How PDF Text Editing Works
PDFs store text as individual text objects positioned at specific coordinates on each page. When you click "Edit Text," the tool extracts every text block from the current page and overlays editable elements on top of the rendered page. You can then click any text block and modify its content directly. When you save, the tool writes your updated text back into the PDF using the pdf-lib JavaScript library, preserving the original font metrics, size, and positioning. The result is a clean, professional PDF with your changes seamlessly integrated into the document.
Understanding Limitations
PDF text editing has some inherent limitations due to the way the PDF format works. PDFs are designed as a final-output format, not an editing format like DOCX. Text in a PDF does not reflow — if you add significantly more text than the original, it may overlap with adjacent content. Similarly, the tool works best with standard fonts (Helvetica, Times New Roman, Courier, and their variants). If your PDF uses a custom or embedded font that is not available in the browser, the replacement text may render in a fallback font. For best results, keep your edits close in length to the original text.

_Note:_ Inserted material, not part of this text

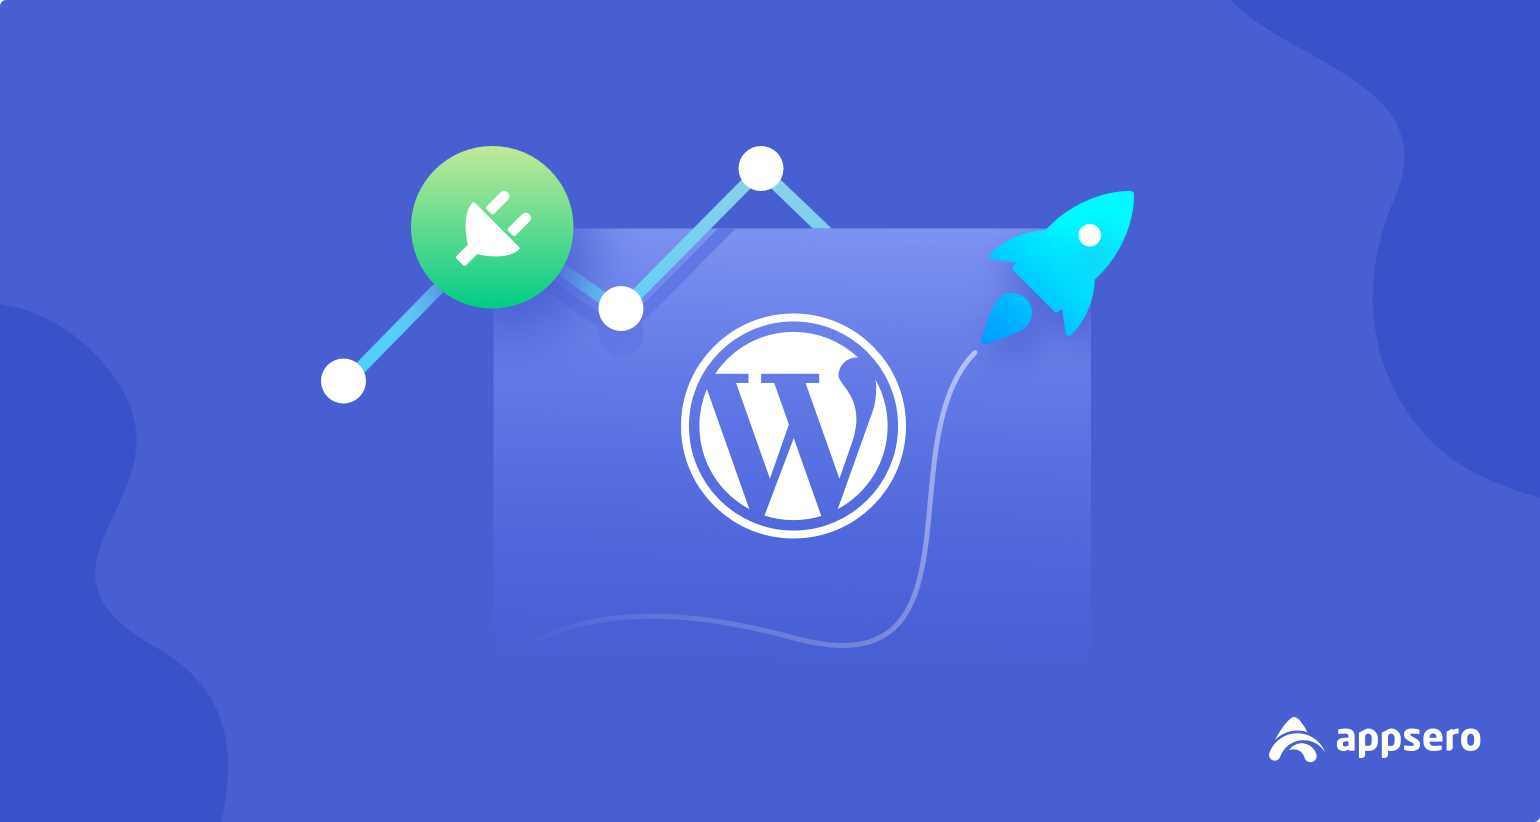 Features of WordPress

Font Matching and Formatting
The tool automatically detects the font name, size, and color used by each text block in your PDF. When you edit the text, these properties are carried forward to the replacement. Standard PDF fonts are matched directly. For embedded fonts, the tool uses the closest available standard font to maintain visual consistency. Bold and italic styles are preserved when supported by the detected font family. The position of each text block on the page remains exactly where it was in the original document, so headers, body text, footers, and table cells all stay in place.
Tips for Best Results
For the cleanest output, keep your replacement text similar in length to the original. When editing dates or numbers, the character count is usually close enough that spacing is not an issue. If you need to make substantial changes to a PDF, consider using ConvertKr's PDF Editor which offers additional tools like adding new text boxes, images, and annotations. For scanned documents, run them through the OCR tool first to convert the scanned images into selectable and editable text.